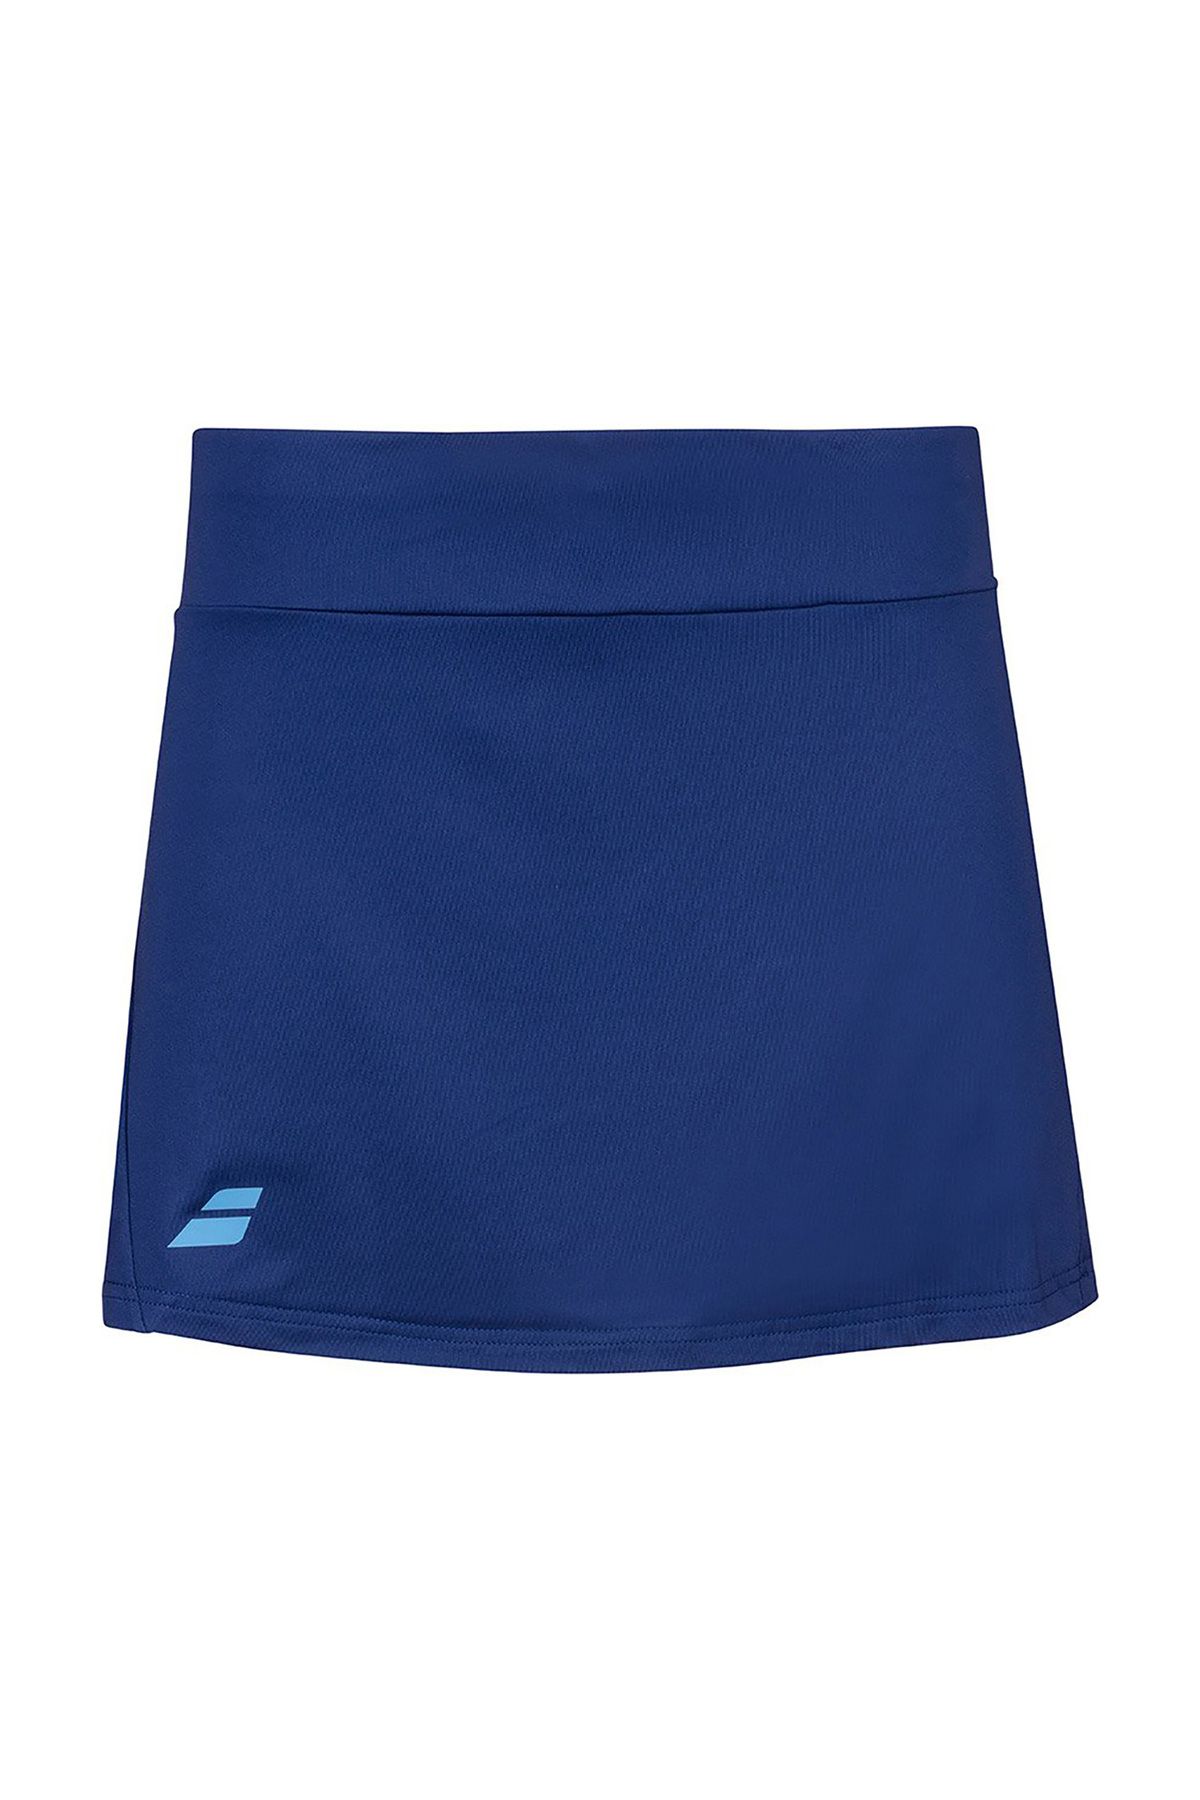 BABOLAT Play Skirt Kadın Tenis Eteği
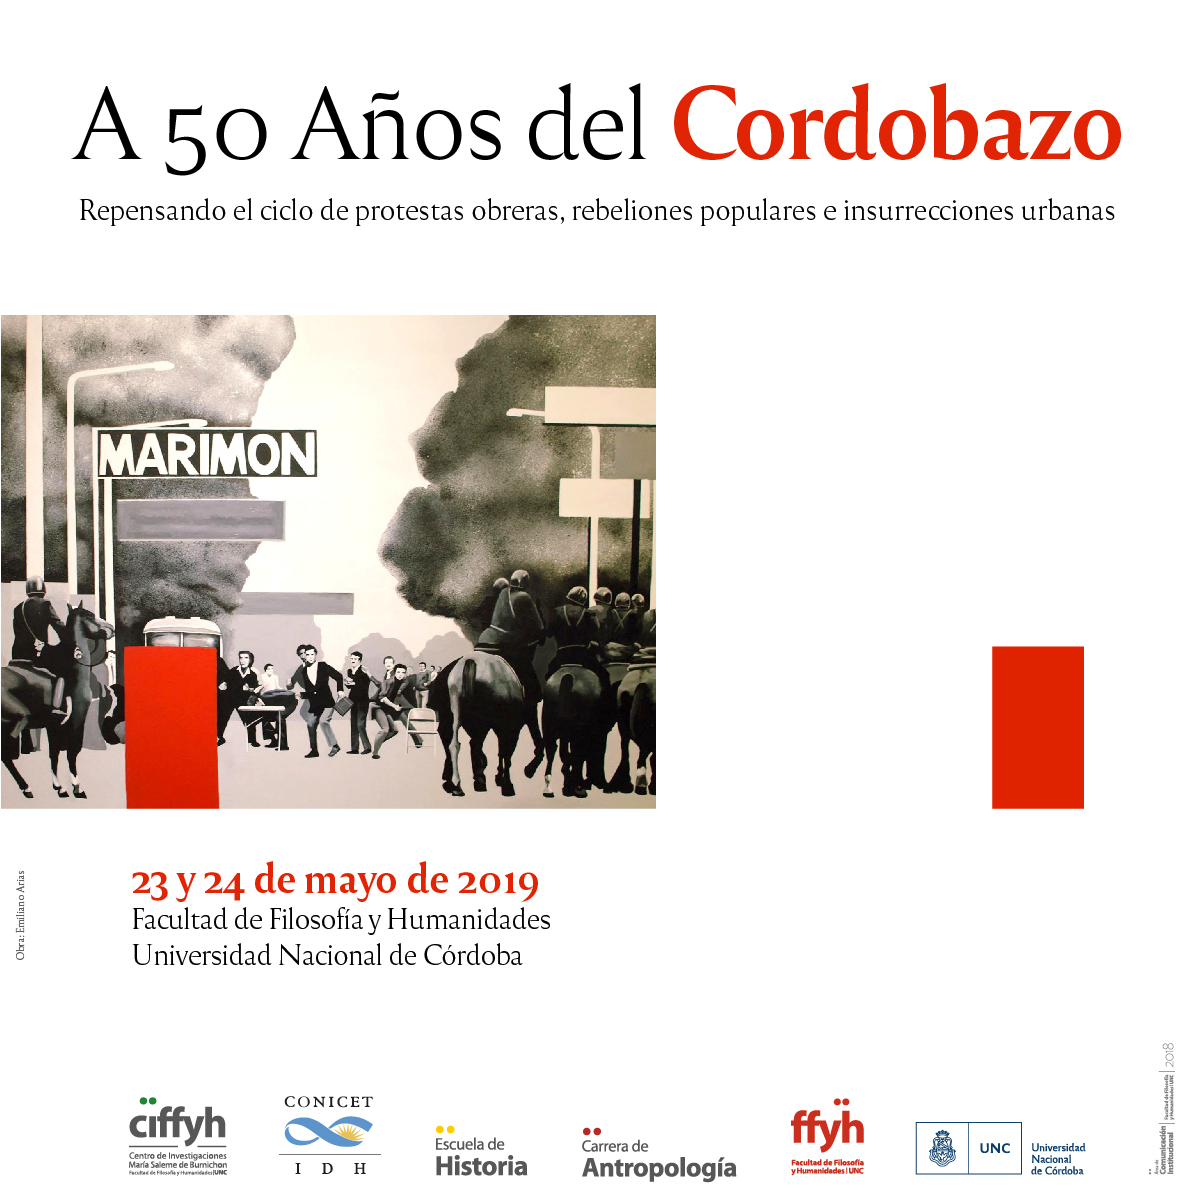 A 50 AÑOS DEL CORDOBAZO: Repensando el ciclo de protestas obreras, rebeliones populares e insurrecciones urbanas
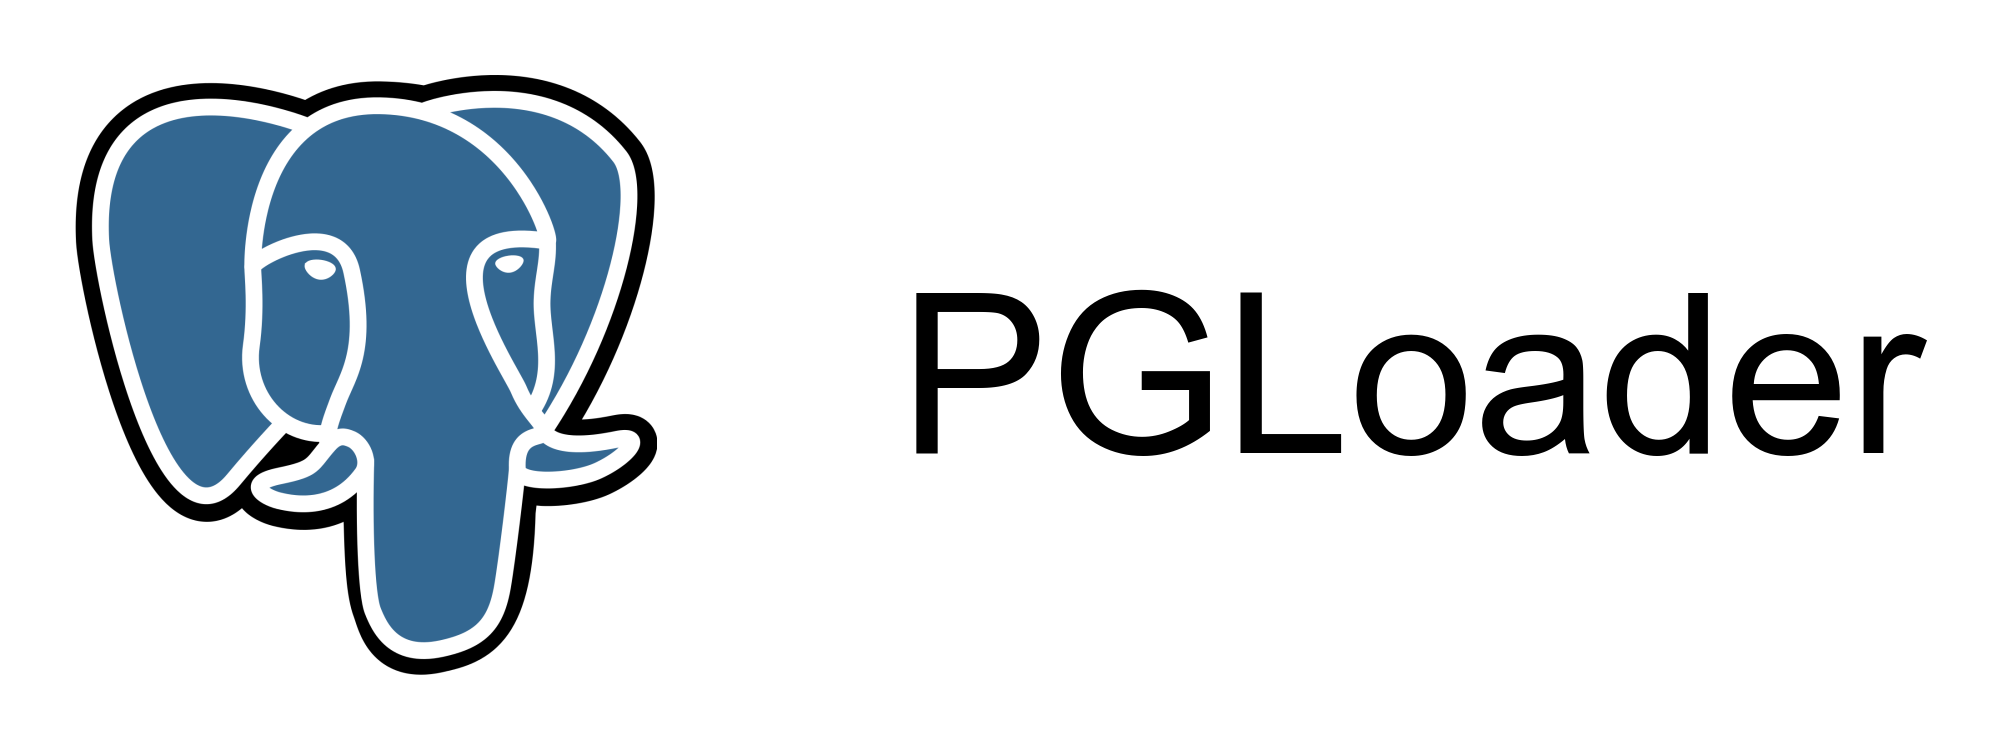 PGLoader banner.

WHAT THE EXERCISE ASKS: What the answer needs is every line from the one containing "A 50 AÑOS DEL" through the final line of the data above, copied exactly, without pictures.

EXERCISE SOLUTION:
 A 50 AÑOS DEL CORDOBAZO: Repensando el ciclo de protestas obreras, rebeliones populares e insurrecciones urbanas
 PGLoader banner.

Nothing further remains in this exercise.